Although we said in our former opinion: “The circumstance that Morris was not produced by the defendant does not militate against the defendant’s case,” the prosecuting attorney, in his argument, excoriated defendant for a failure to produce Morris, and said it would be the best thing he could do to prove his innocence, but he had not done it. While defendant did not object to the argument, we can not pass it unnoticed in view of what we said when the case was previously before us. The prosecutor knew of the holding, and moreover, the testimony on the part of defendant shows he had made extended efforts to locate Morris.

Agnes Scheu, a bookkeeper for the Bijou Dress Company, testified to record-entries of sales by that company to Morris. During her testimony the court remarked that she knew nothing about it except that there was a record, and, over objection, entered into an extended and searching cross-examination of the witness that was calculated to lead the jury to think the court did not believe her testimony. This was prejudicial to the defendant. (People v. Scowley, 353 Ill. 330; People v. Schultz, 300 id. 601.) The witness afterward returned to the stand with complete records, but this fact would not remove the impression that the court was suspicious of her testimony.

On both trials, it appeared that after the burglary Siegel first saw one of his coats being worn by a woman on a street car. Although there is no testimony to show that the coat was ever in Rubin’s possession or that he knew anything concerning it, Siegel was permitted to testify to its value, and the prosecutor made the statement that Rubin sold it. Objections were interposed but the witness was permitted to answer. Being no part of the res gestee this was improper and prejudicial.

We come now to consider the sufficiency of the evidence to justify a conviction. On the last trial an exculpatory statement made by defendant to the police shortly after his arrest in January, 1934, was introduced in evidence by the People. It was not used in the former trial, and the prosecution claims that two allegedly false answers to the police furnish additional evidence of his guilt not shown at the first trial.

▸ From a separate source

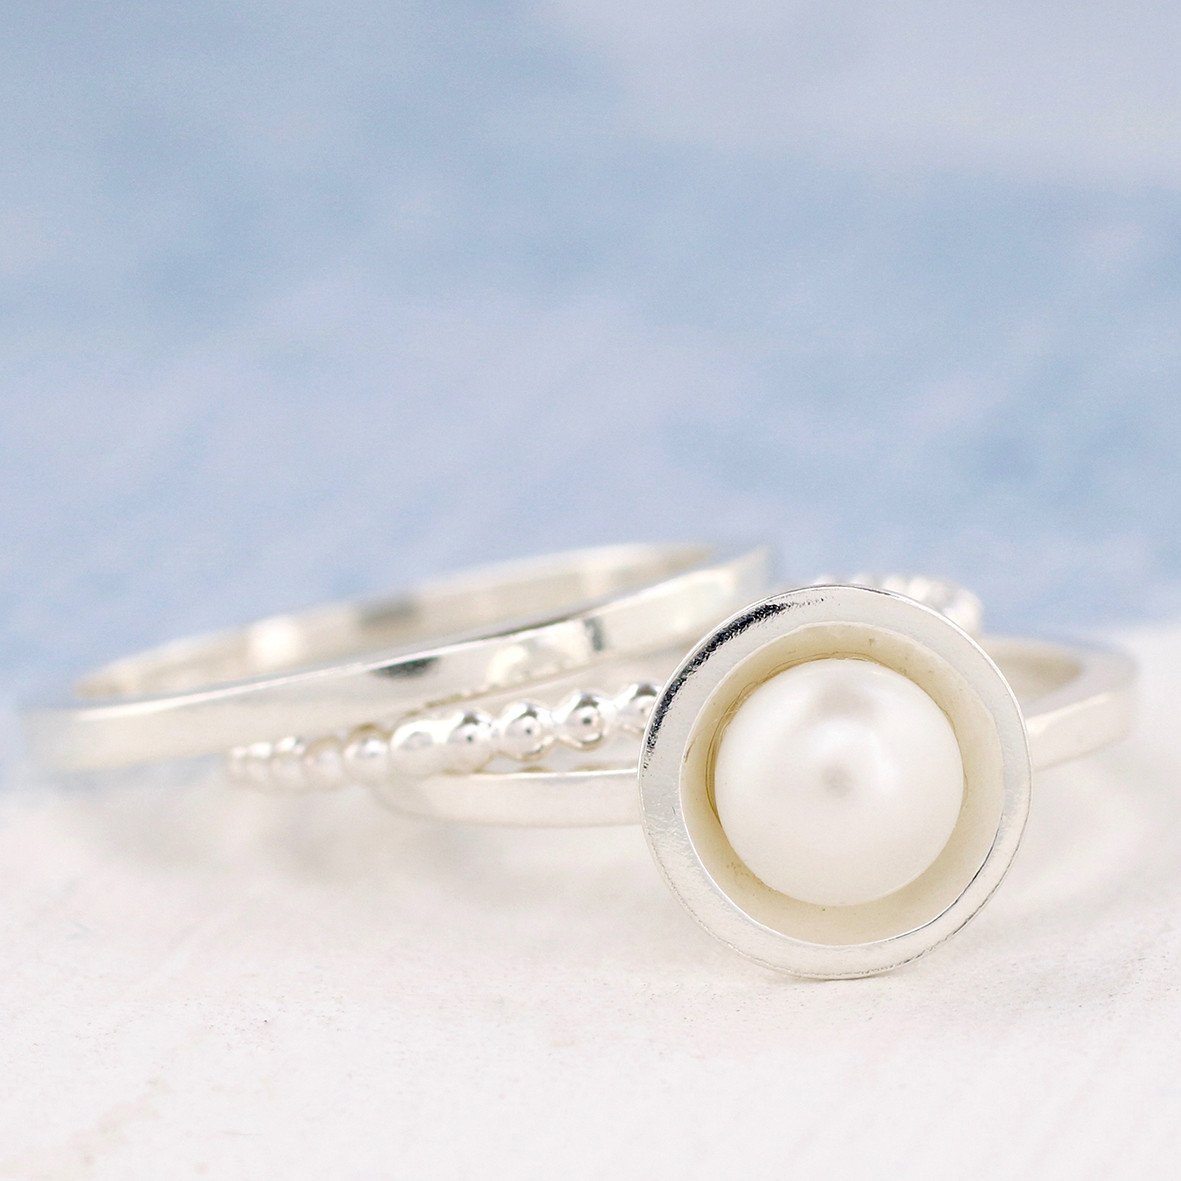 silver Pearl stackable rings

During his examination by the police, he was asked: “Some officers visited your store to-day with a search warrant and after searching the premises described in the warrant they took a number of ladies’ dresses, coats, suits and hangers, that were identified by Mr. Siegel, the complainant in this case, as being his property. Can you tell us how long this merchandise has been in your possession?” He answered: “Anywhere from two years up to date.” He was then asked: “From whom was this merchandise purchased ?” to which question he replied that a good part of it was purchased from a man known to him as Morris.